Delivering the opinion of the court, Lord Malcolm said: “The pre-action requirements introduced by the 2010 Act in respect of residential borrowing are designed to ensure that there is a genuine exploration of the possibility of an arrangement being reached whereby, in due course, the default can be remedied, albeit this may require indulgence on the part of the creditor.

“The whole tenor of section 24A(3) and (4) is of discussions aimed at an alternative agreement whereby the debtor’s obligations can be fulfilled, for example, on the basis of a lower monthly payment extending over a longer period. There is nothing to suggest that a proposal to pay only a fraction of the sum due must be accepted, or that it can stop the raising of court proceedings.

“This is consistent with the government guidance, which provides assistance on what the reasonable creditor is expected to do, for example, extend the repayment period; change the type of repayment from interest plus capital to interest only; or capitalise the arrears on the security. If a court action is raised, the guidance provides that the creditor must be in a position to establish that he has complied with the pre‑action requirements.”

The judges observed that Swift was essentially presented with a “take it or leave it” offer.

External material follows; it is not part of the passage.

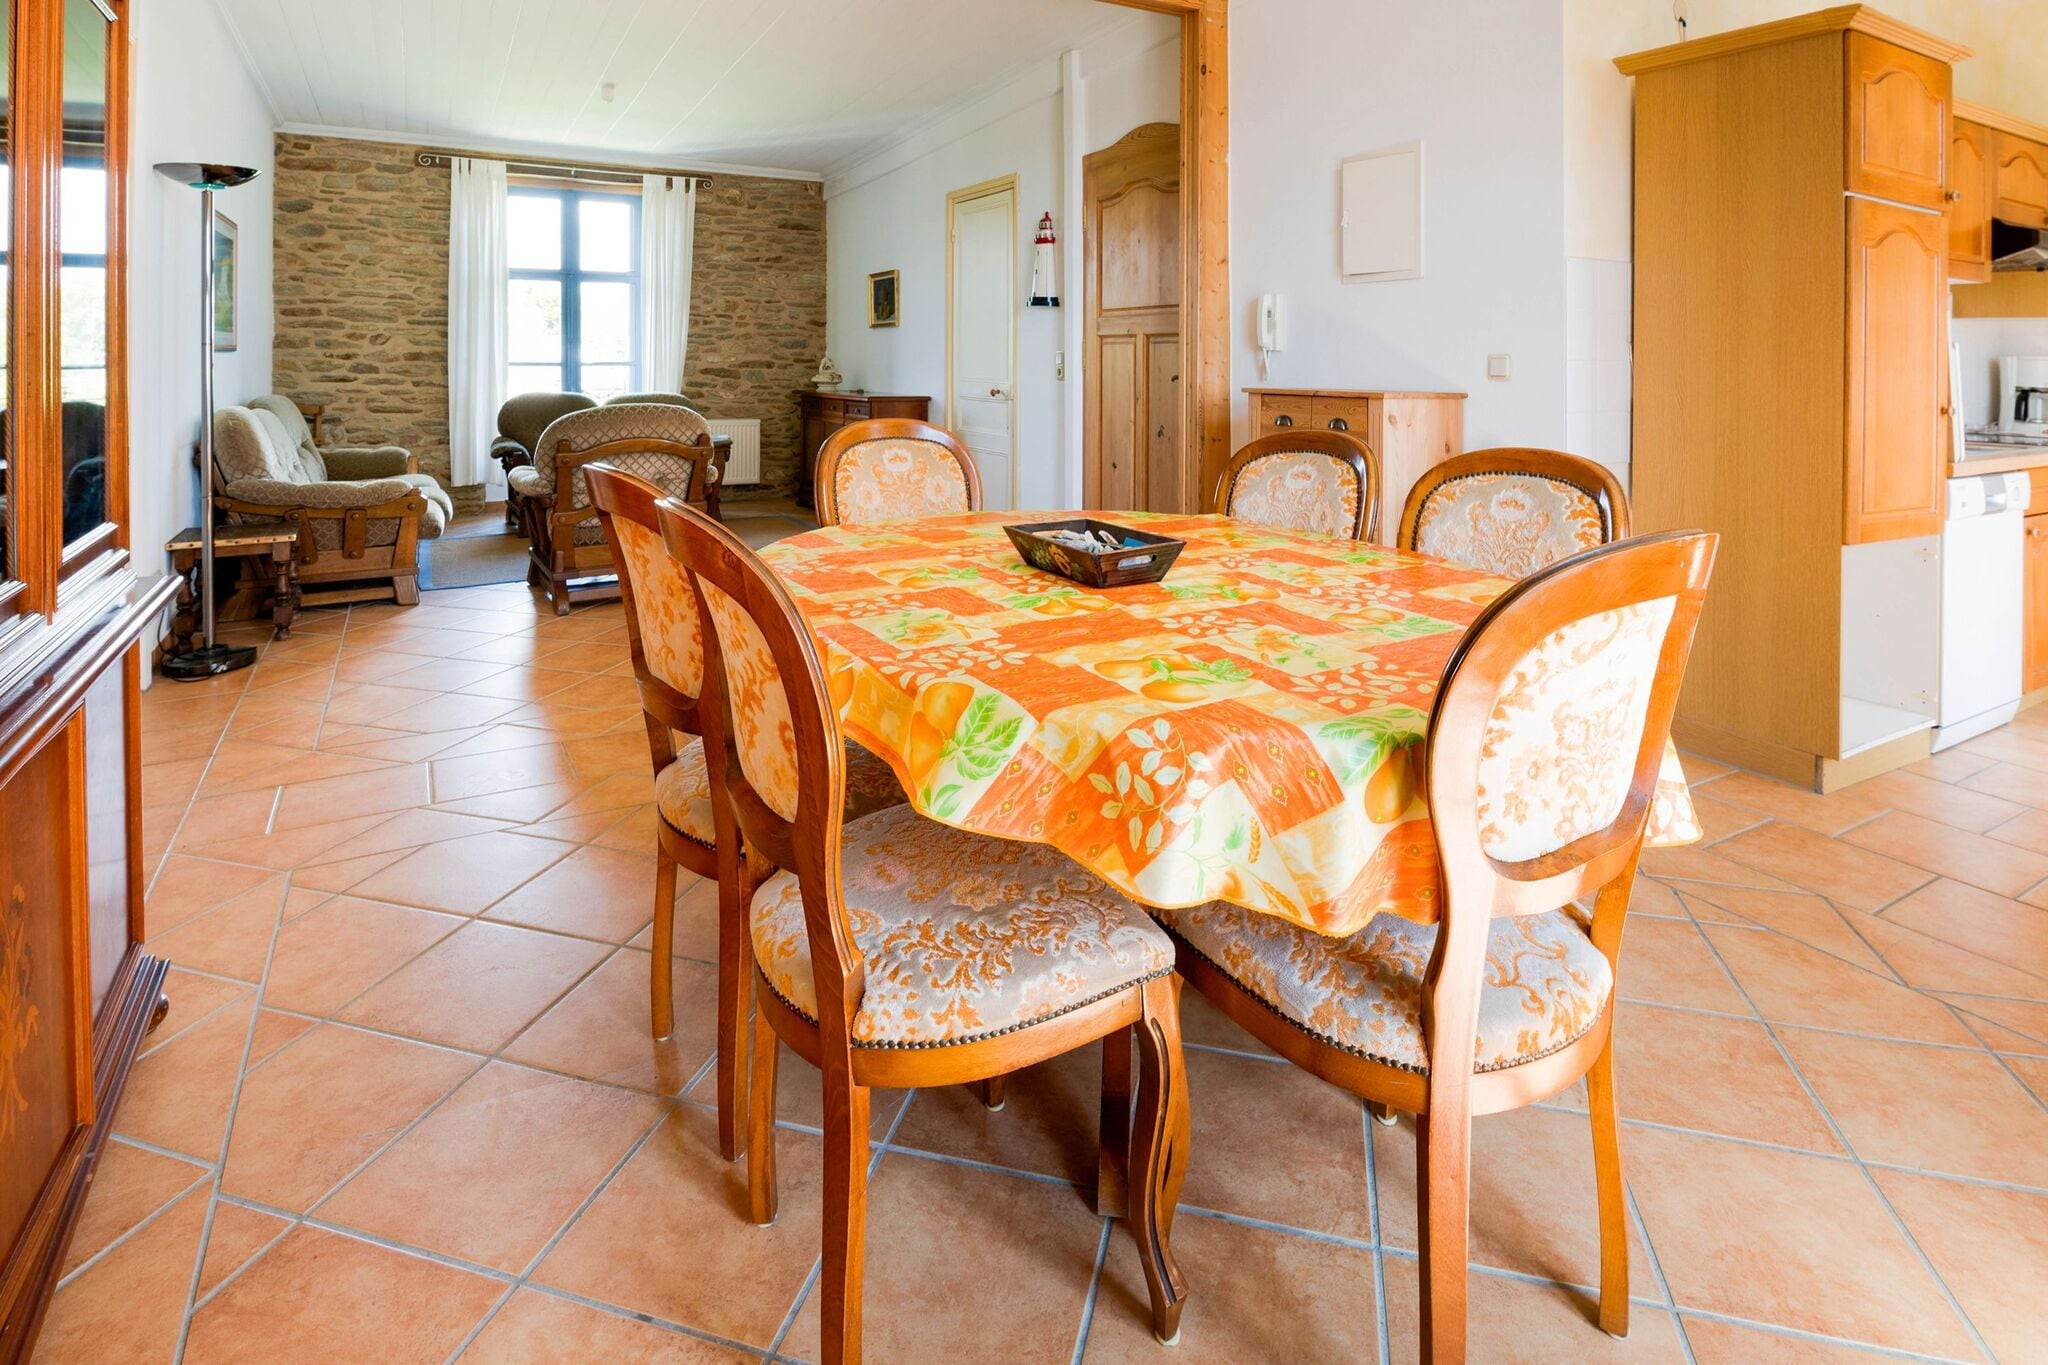 Appartement op ongeveer 100 meter van de Atlantische oceaan in het zuiden van Bretagne.

Lord Malcolm added: “In the course of the extensive negotiation between the solicitors for the parties, at no stage were Swift presented with a proposal which involved an alternative method of repayment of the defender’s debts in full – nor, in the circumstances, could there be such a proposal. What was done far exceeded anything required to meet the needs of section 24A. It follows that there was no bar to the raising of the current court proceedings.”

On the issue of whether it was reasonable in the circumstances of the case to grant decree, in terms of section 24(5) of the 1970 Act, the judges concluded that the submissions on behalf of Swift were “well founded” and that there was “no sufficient reason to interfere with the decisions in the courts below”.

Lord Malcolm said: “In the whole circumstances, including the pre‑action correspondence summarised earlier, it cannot be said that it would be unreasonable for the court to sanction possession of the subjects and their sale on the open market by Swift.

“As discussed earlier in the context of the other grounds of appeal, the changes introduced by the 2010 Act were not designed to limit a creditor’s contractual entitlement to recover the full debt, nor to prevent steps designed to maximise the recovery. The 2010 Act protected against unreasonable conduct adopted by a creditor in pursuing that objective.”